You say $(1)$ holds "where $h$ is any vector."
I prefer to phrase it thus: "For every vector $h,$ line $(1)$ holds."
The word "where" should not be used as a quantifier. It should be used for such things as "where $h$ is Planck's constant", etc.

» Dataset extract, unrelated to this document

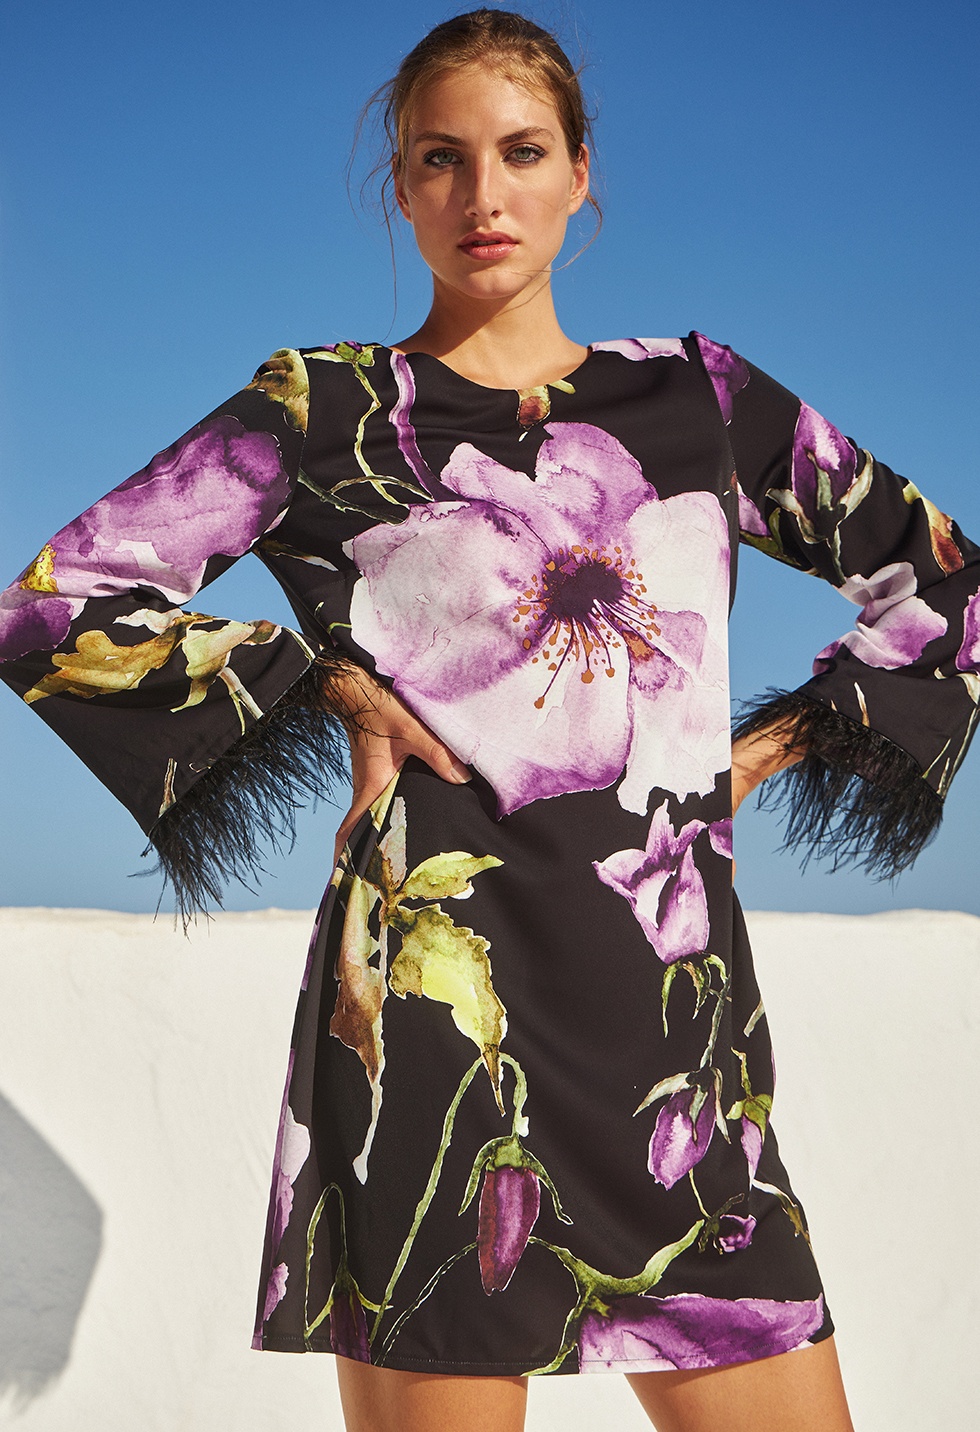 Printed dress with feathers on the sleeves

If a statement is true of every vector and $ih$ is a vector, then that statement is true of $ih.$
Dividing both sides of $(2)$ by $i,$ you get $$-\langle Be, h\rangle +\langle Bh,e\rangle=0.\tag3$$
The word "every" remains. For every vector $h,$ line $(1)$ holds, and for every vector $h,$ line $(3)$ holds. Thus they must hold when the same vector is put in both places.